Thanks :passingjoint:
Good morning from Nova Scotia, Canada.
I am also of the opinion that liquid fertilizers are over priced.
I am new to growing and have just started a new hydroponic grow using Masterblend hydroponic nutrients. I went by the manufacturers specification on the mix ratio. Soon into the grow, I discovered there was not enough Magnesium and just maybe, a little heavy on the nitrogen. I am changing the recommended ratio from 2-1-2 to 1-2.5-1.
This product is very reasonably priced. There is the Masterblend, Magnesium Sulphate and Calcium Nitrate, separately packaged of course.
I am also using a Potassium Silicate additive as well as H2O2.
I’ve had a lot of help from another member in this community of growers.
Keeping my fingers crossed now that I have the magnesium deficiency dealt with that I can get this grow through to completion.
Check out the Masterblend web site.

Cheers
 
Image
Dr.B

Dr.B

1,074
163
The farm I worked at kept around a quarter million pot plants going with vats upon vats of General Hydropinics M/G/B. Nothing else went into the Argo.
 
Dr.Green55

Dr.Green55

577
143
I think they intertwined and both are almost equally important. Can be ideal temps and if the humidity is high it's slows transpiration if it's low it increases transpiration. But like you say if the temps in the root zone are cold it will also slow transpiration.

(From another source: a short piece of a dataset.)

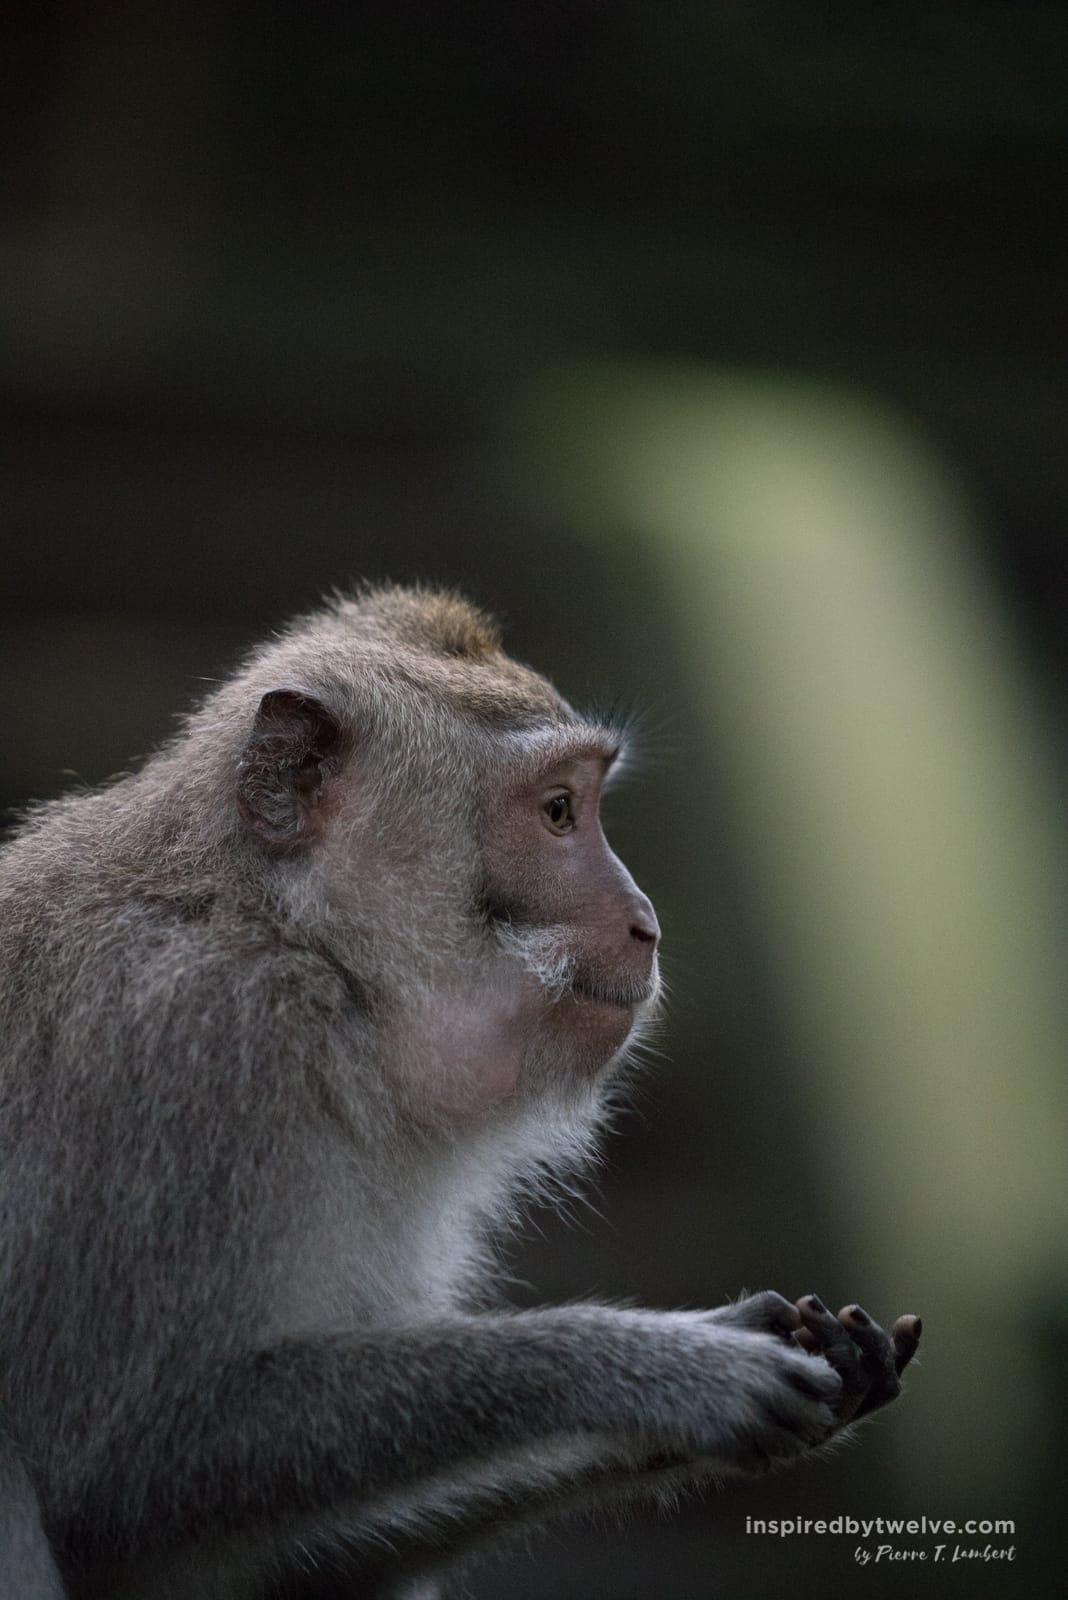 ubud monkey forest, Ubud Guide, Top Things To Do Ubud, Ubud Bali, Ubud Travel, What to do in Ubud, Restaurants Ubud, Hotels ubud, Where to stay in Ubud

Personally I think if temps are ideal it's the humidity that will drive nutrient uptake because of the vapor pressure

I think your pretty much bang on Aqua, Alot of intertwined moving parts, I'd suggest Carbon dioxide and the water gradient between the plant and the atmosphere are driving factors, the plants needs carbon dioxide in order to get it, it needs to open the stomata, opening that causes the plant to draw water for the roots to leaves then atmosphere , lower humidity cause the plant to draw more, higher humidity less, due to the water gradient between the plant and the atmosphere, both low or high humidity will cause growth, yield issues etc. As long as temp are in the ballpark I don't find they play much of a apart, I'd suggest light intensity over temps. however I agree with MIMedGrower different mediums should play much of a part neither as long as their all ran optimal. everyone will experience something a little different I like 60-70 veg and 55-65 flower but that for my setup,
 
youngOG

youngOG

24
3
never understoof people saying nutes are overpriced .. useless additive are
all you need is the base nutes nothing else
B.A.C hydro is around 40euros for 10 liters .. ionic soft water (for people using condensate water from cooling units) are very cheap and great too
let the nutrient formulation for people who know it
its very sharp and rare are the growers who know the nutrient chemistry
imo
 
Aqua Man

Aqua Man

26,480
638
Imo almost all bottled nutes are over priced. Hell even shit like citric acid.
never understoof people saying nutes are overpriced .. useless additive are
all you need is the base nutes nothing else
B.A.C hydro is around 40euros for 10 liters .. ionic soft water (for people using condensate water from cooling units) are very cheap and great too
let the nutrient formulation for people who know it
its very sharp and rare are the growers who know the nutrient chemistry
imo
I would say most experienced growers have a good understanding of so called "Nutrient chemistry" and @BillFarthing definitely does. Its not some rocket science and as Bill said the information and calculators are extremely easy to find.

I would say those who don't understand it to some level have not tried to learn.